We rely on Spark clusters processing, supported by Databricks, to read incoming data either historical coming from our data lakehouse (Parquet & Delta Lake), or via streaming (Kafka).
The input is processed by our ETLs implemented in Scala distributedly, delivering the analysis outcomes to our ML applications and frontend layer.
We build on MLOps pipelines that are optimized for scale, efficiency, and control. We rely on common Python frameworks (Pandas, Spark) to enable (big) data analysis and features engineering, that are sunk in our feature store.
For model building and training we rely on state-of-the-art libraries such as PyTorch, scikit-learn or ONNX. Every experiment and model deployment is tracked by MLFLow, which allows us to use a fine model selection and standardized offline validation procedure.

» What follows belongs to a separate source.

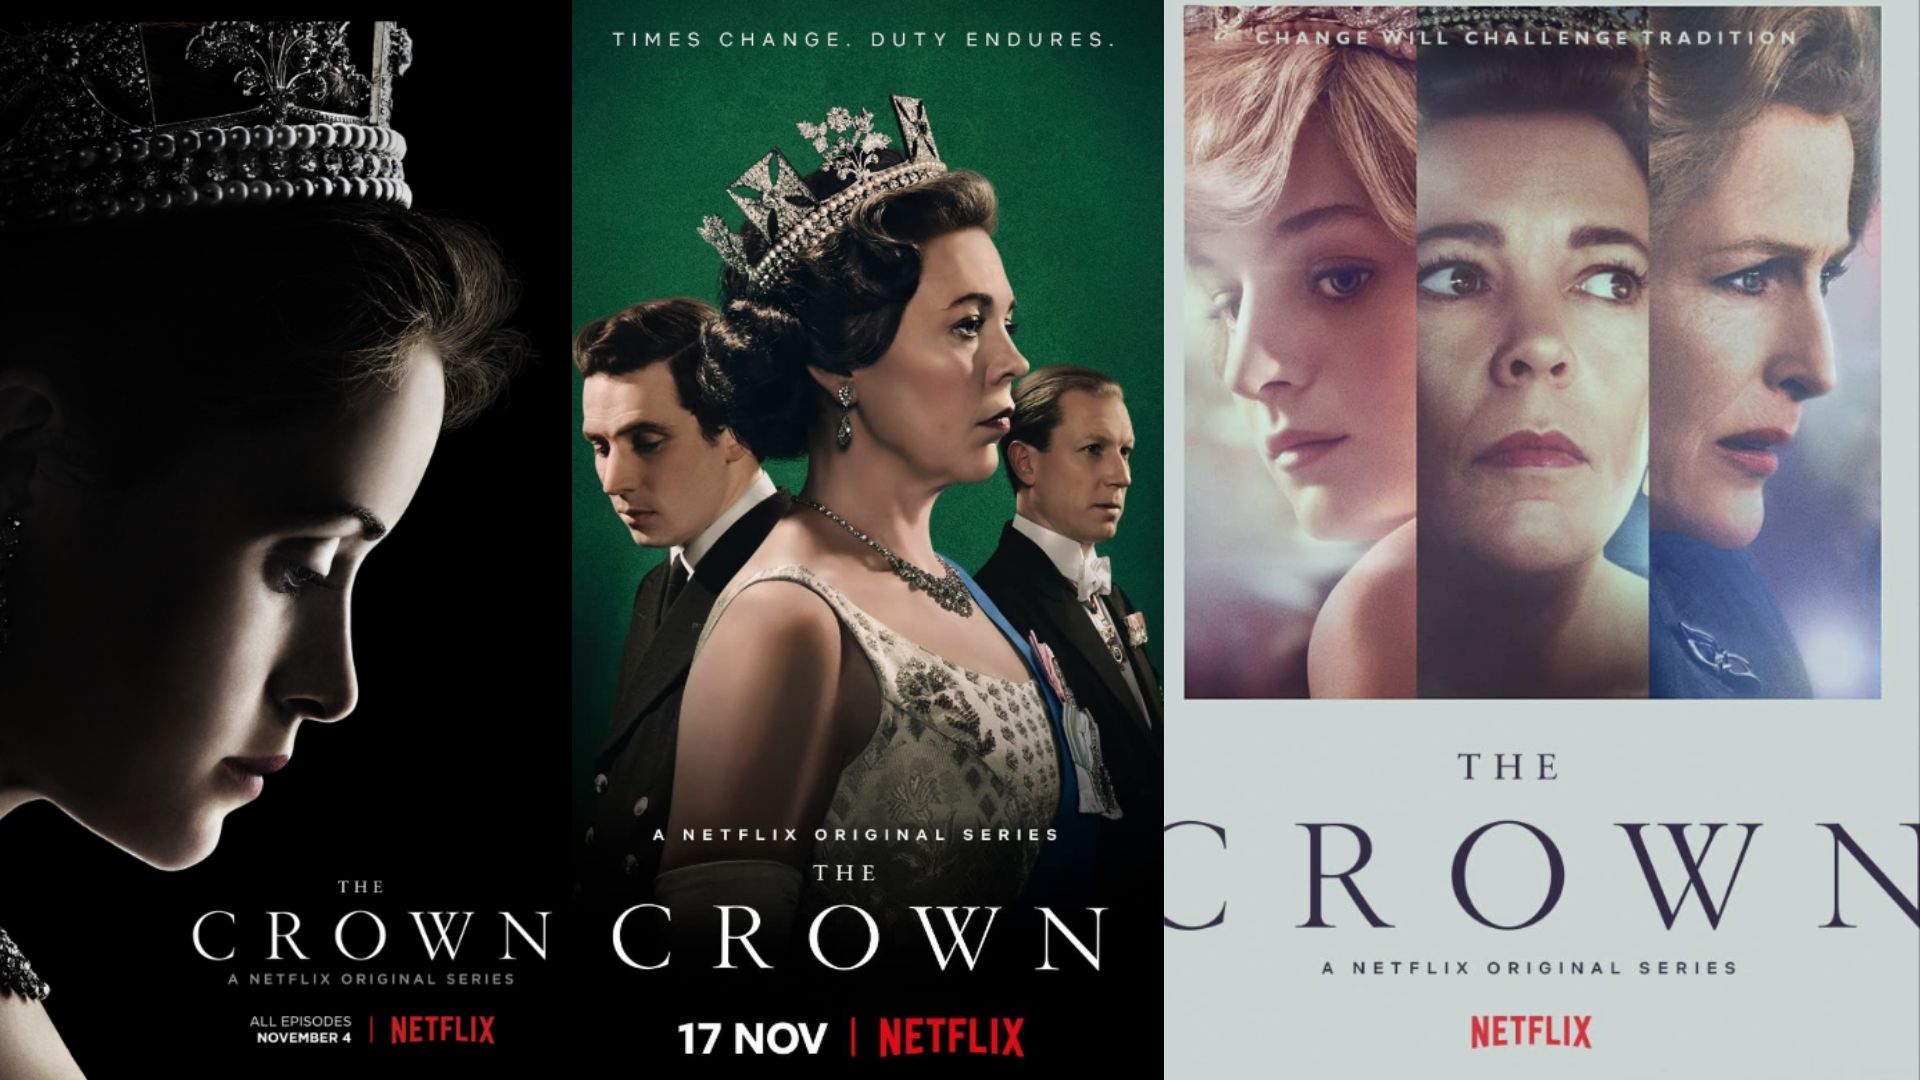 Viewership For 'The Crown’ Boosts Up 800% After The Death Of Queen Elizabeth II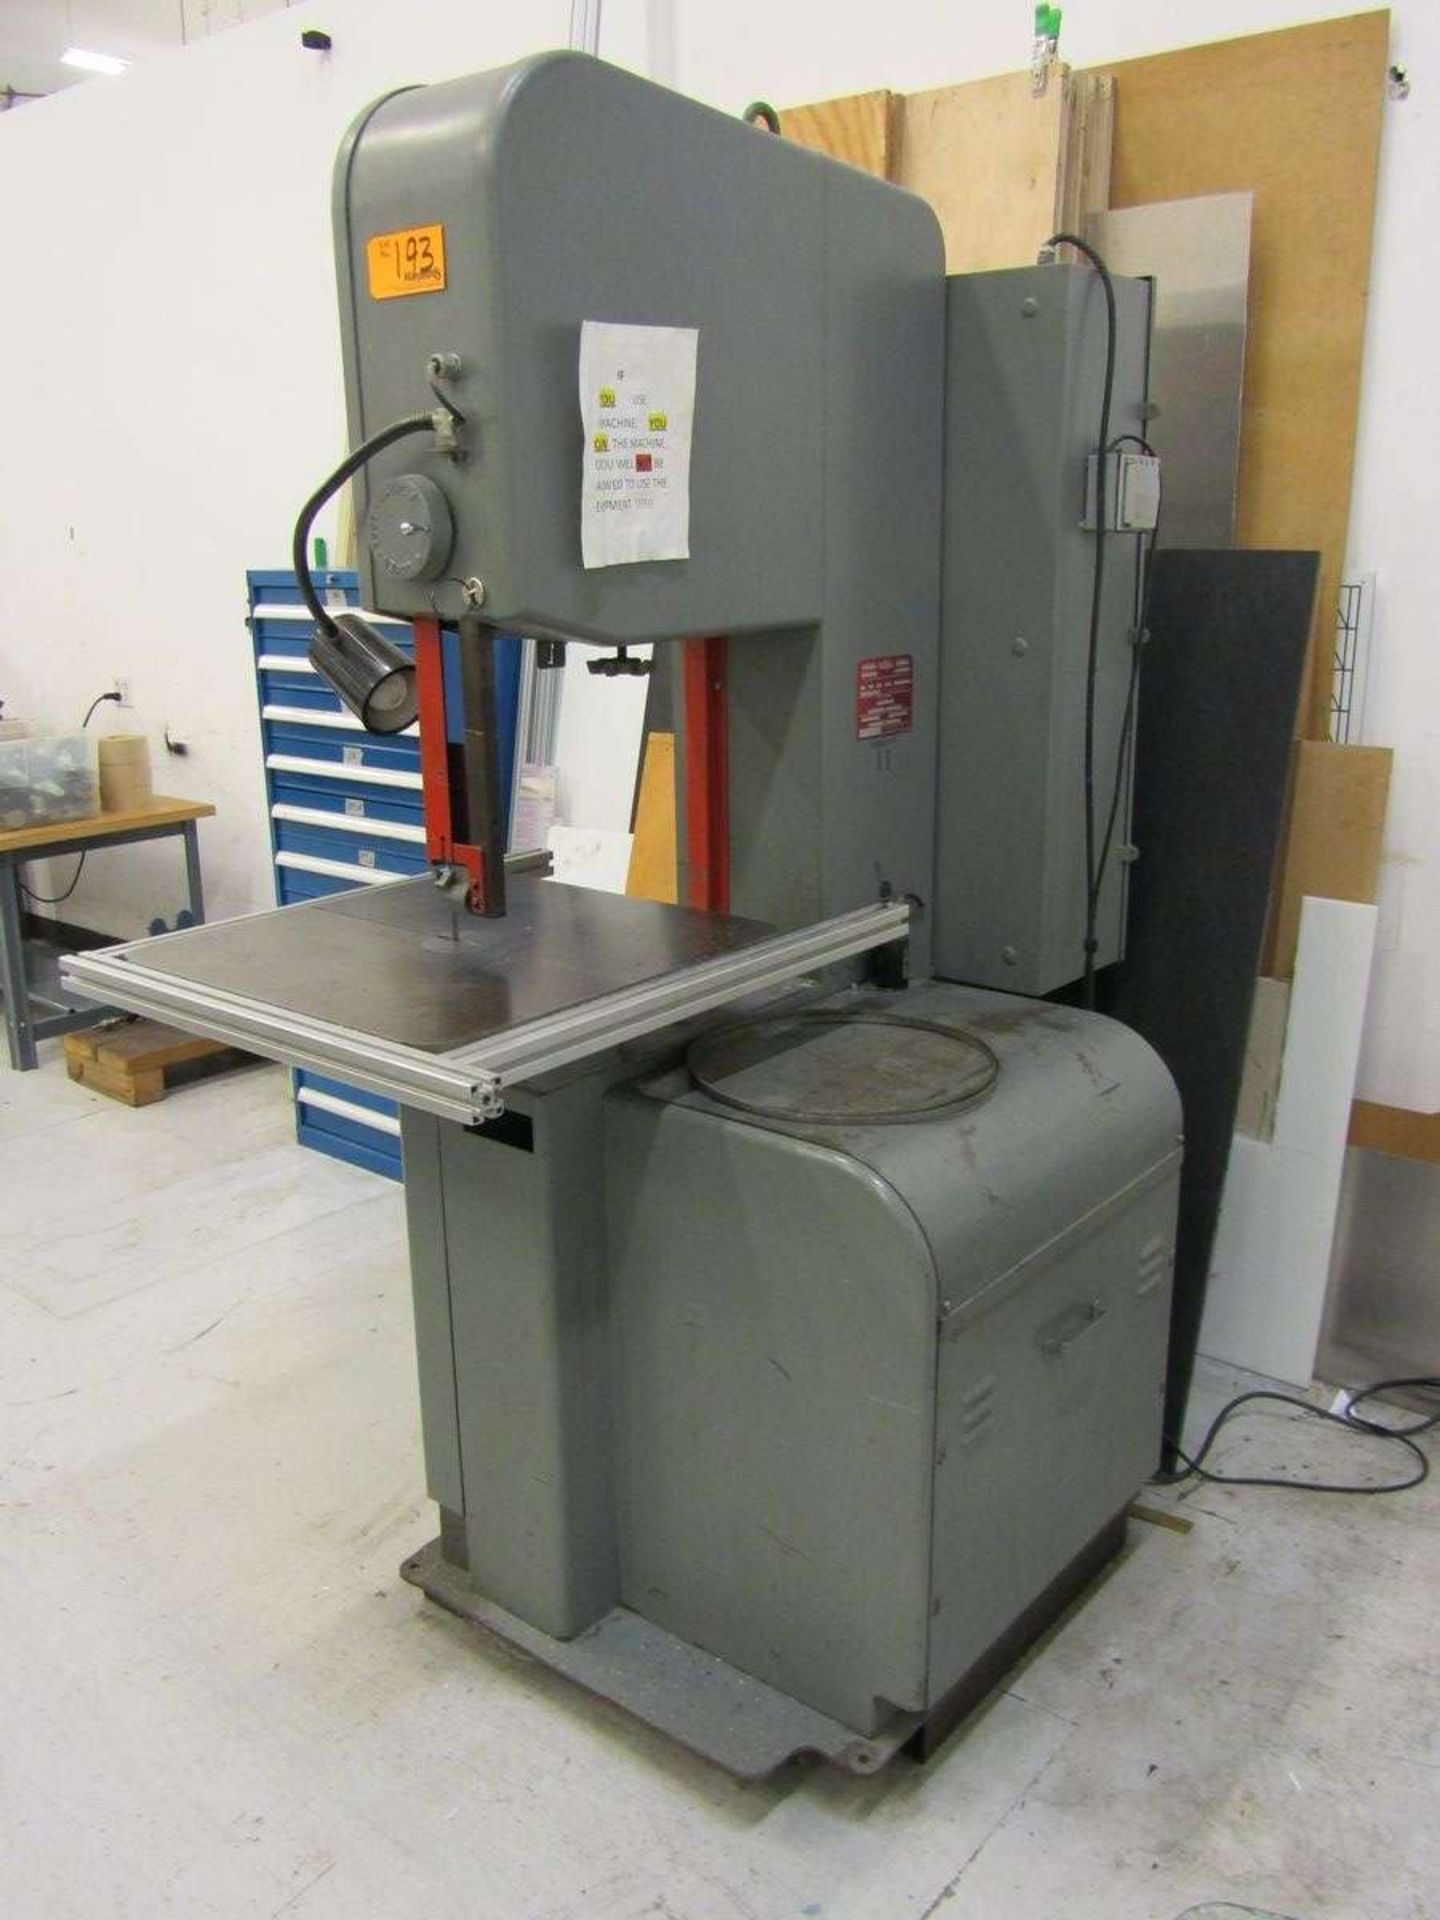 DoAll 20" Vertical Band Saw, Model 2013-2 - Image 2 of 7

Finally, we rely on a complete observability platform powered by Azure Monitor and Grafana that monitors our deployed APIs, providing all the insights necessary for online validation and A/B testing.
We deliver our ML applications with the latest web technologies. Our core is developed in React-Redux, the type safety of TypeScript and the SSR framework of Nextjs. We like to style with CSS-in-JS solutions, like styled-components.
Our backends are polyglots, Go, Python and Node. We are now experimenting with Rust and Web Assembly to speed up our hot paths and deliver the best possible performance.
We have a fully automated CI/CD pipeline and follow the best DevOps practices, implementing reviews, linting and automated testing. As a small team, we follow a flexible kanban-based methodology. We work on GitHub and love anything that makes our lives easier as developers, e.g., GitHub’s co-pilot.